- **Record extracts**:
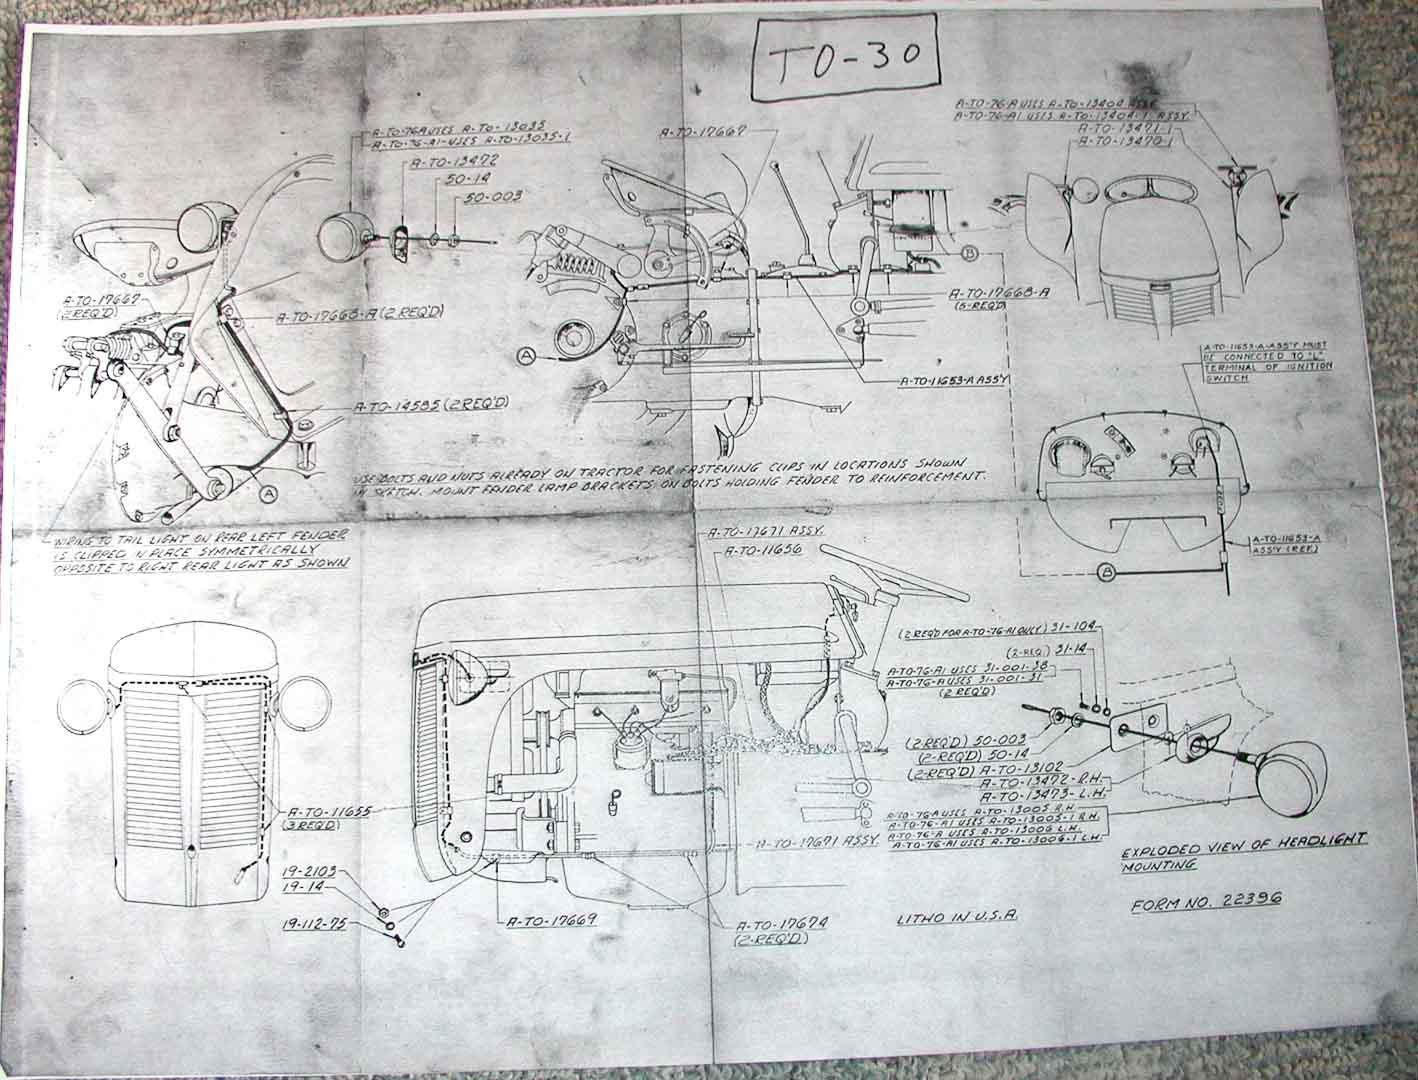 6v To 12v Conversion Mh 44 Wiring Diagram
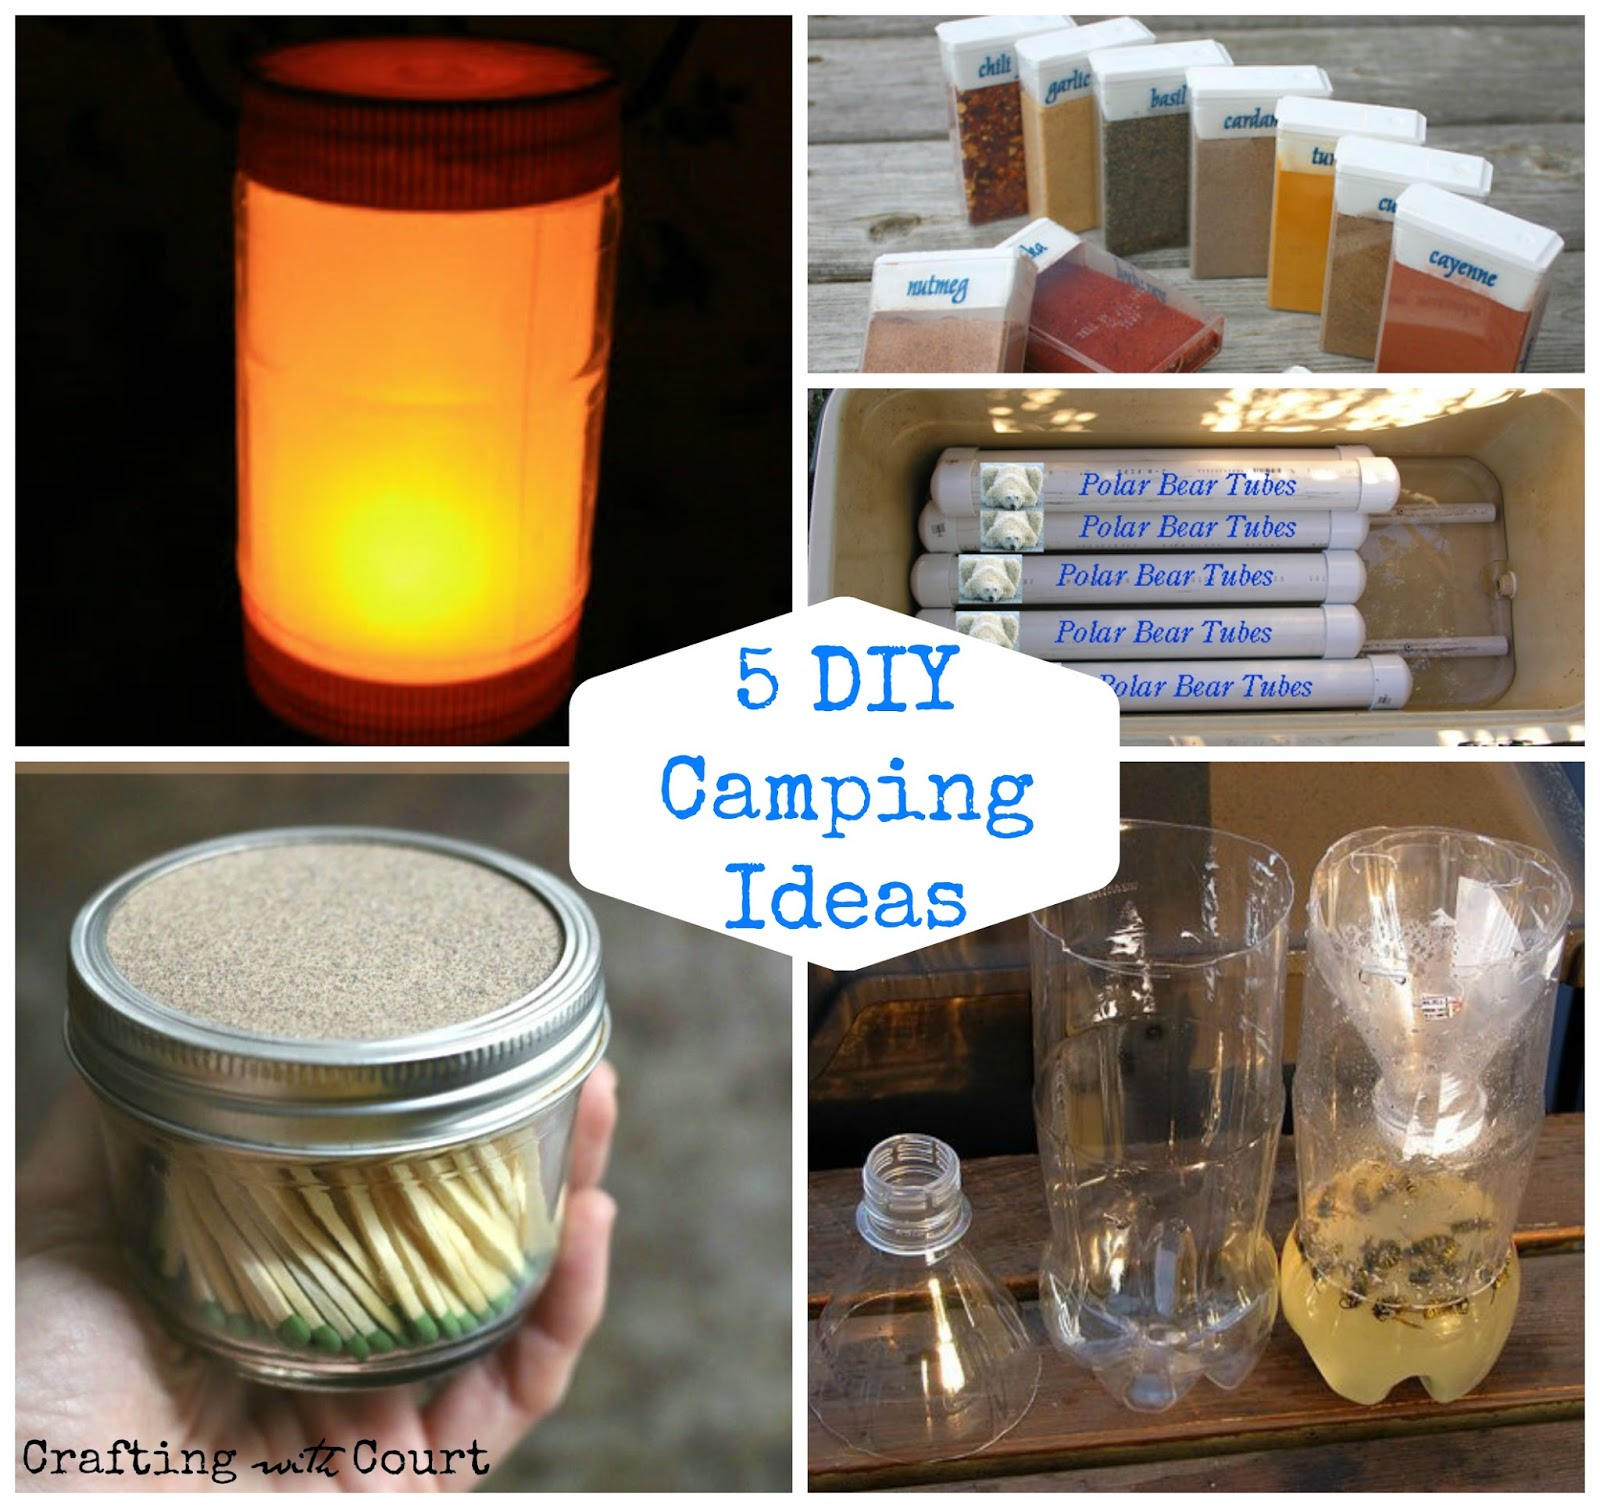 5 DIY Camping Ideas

--

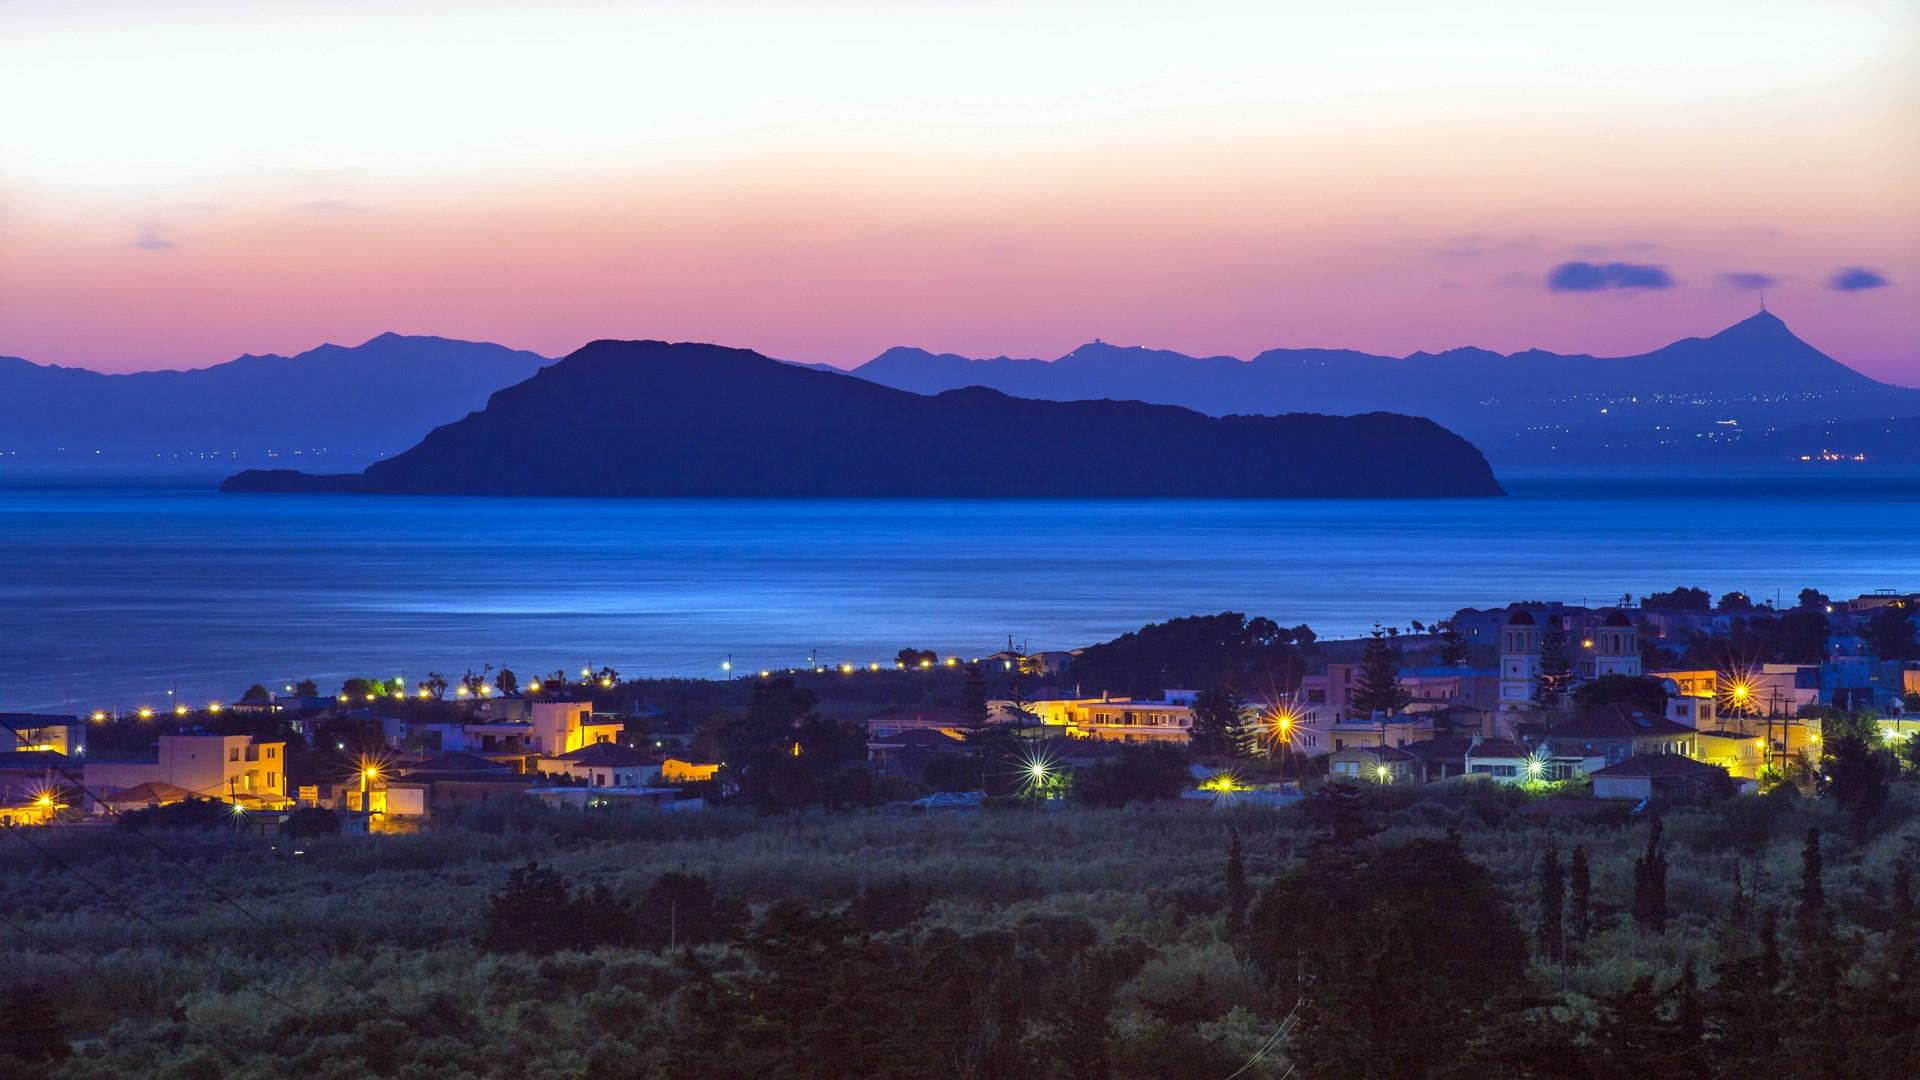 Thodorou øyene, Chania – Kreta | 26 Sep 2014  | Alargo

- **Aim of the task**:
Copy exactly, without pictures, the lines above from the one with "6v To 12v Conversion Mh 44 Wiring Diagram" down to the one with "5 DIY Camping Ideas", inclusive.

- **Written answer**:
 6v To 12v Conversion Mh 44 Wiring Diagram
 5 DIY Camping Ideas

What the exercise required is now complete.